- **Records supplied**:
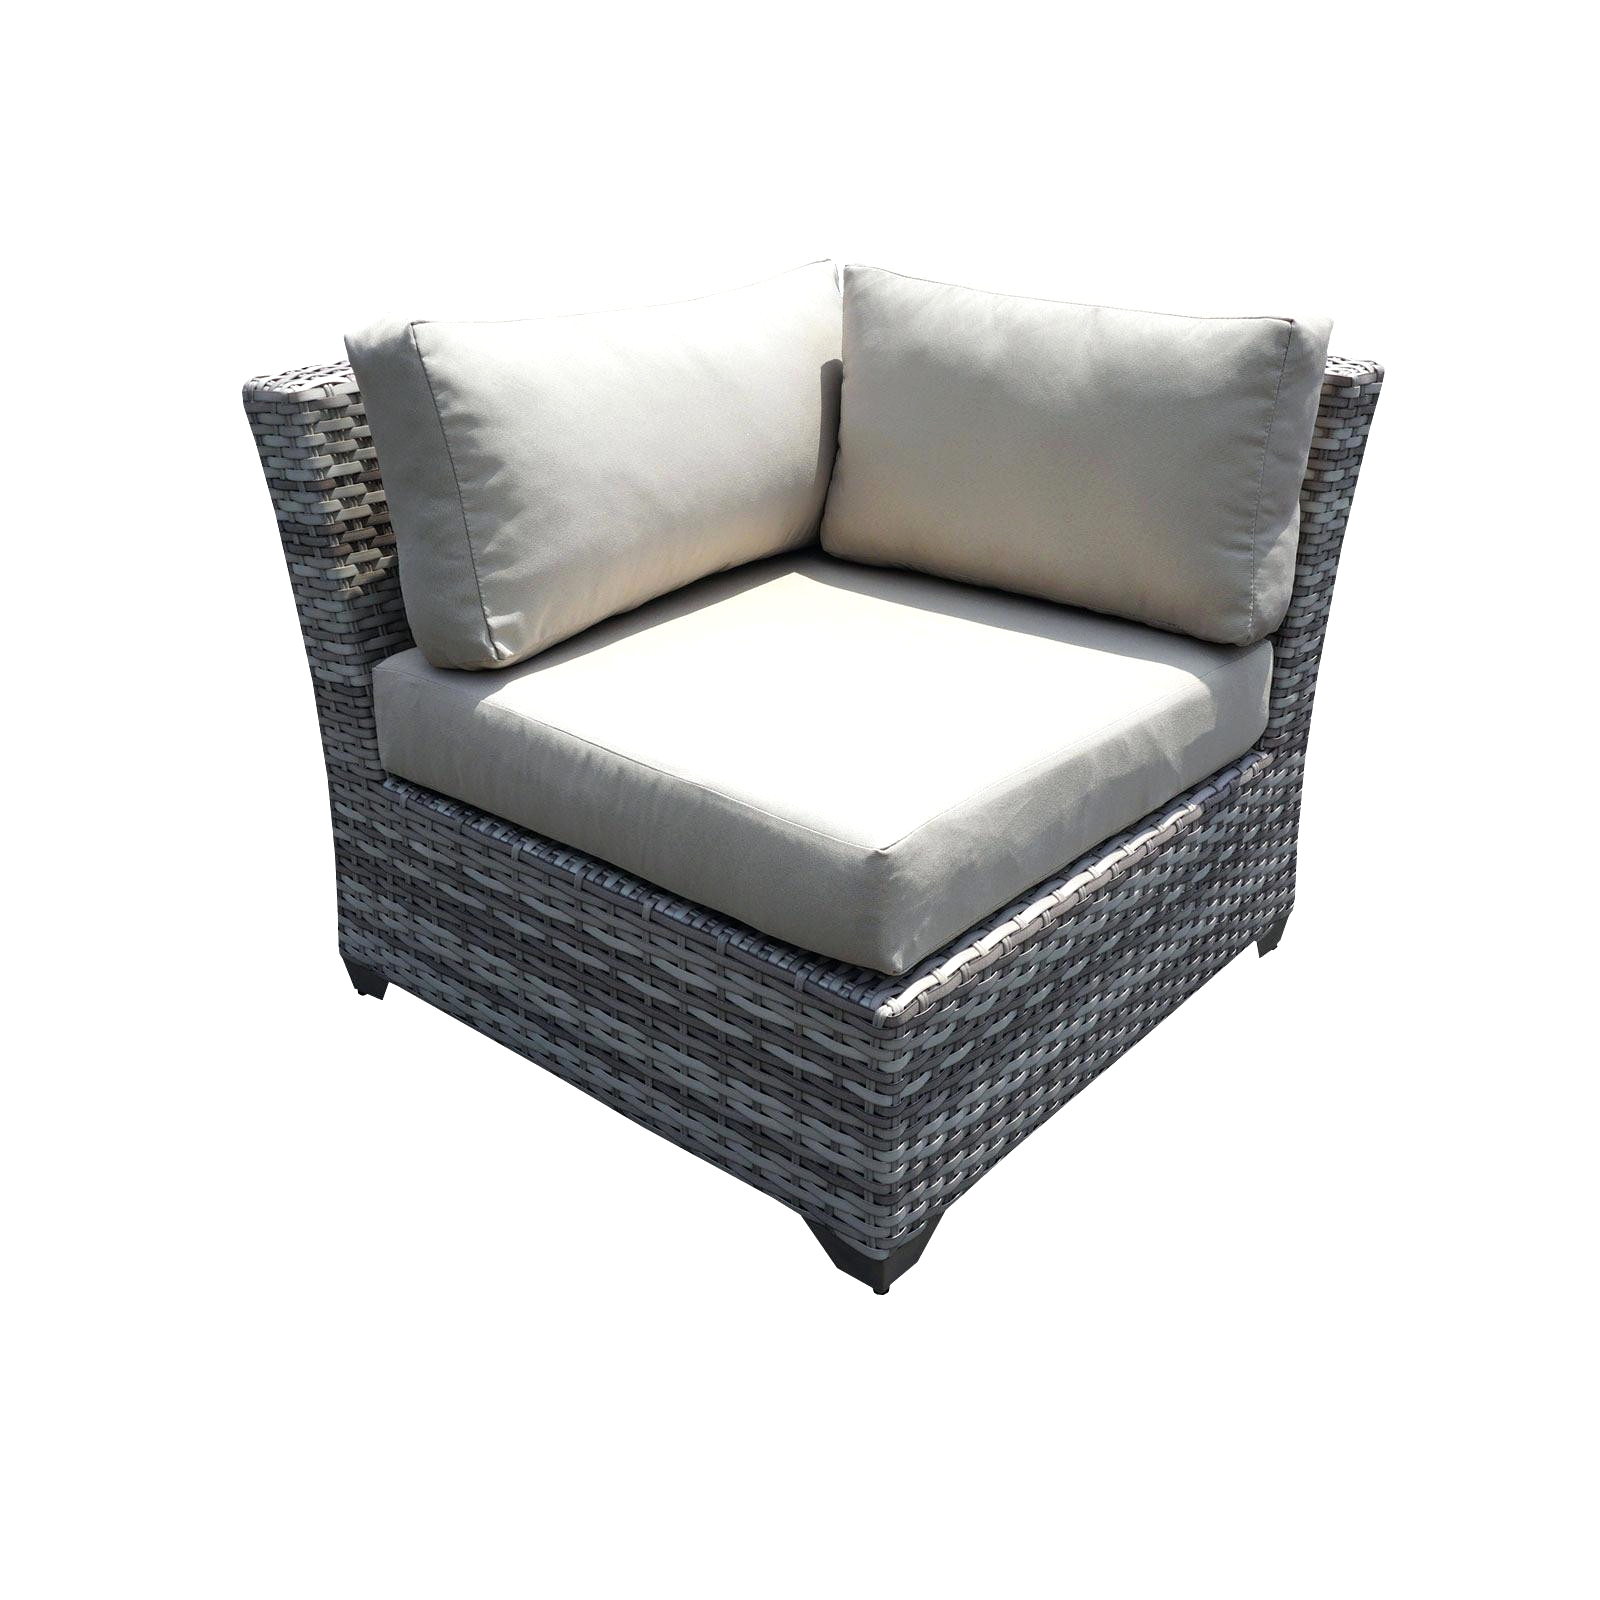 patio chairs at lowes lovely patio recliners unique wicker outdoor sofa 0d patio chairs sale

* * *

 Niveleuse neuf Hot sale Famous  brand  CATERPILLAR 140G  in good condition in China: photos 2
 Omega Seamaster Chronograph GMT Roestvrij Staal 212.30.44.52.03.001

- **Task objective**: Taking the entries above, print exactly the lines starting at the line with "Niveleuse neuf Hot" and ending at the line with "Omega Seamaster Chronograph", both included.

- **Completed task**:
 Niveleuse neuf Hot sale Famous  brand  CATERPILLAR 140G  in good condition in China: photos 2
 Omega Seamaster Chronograph GMT Roestvrij Staal 212.30.44.52.03.001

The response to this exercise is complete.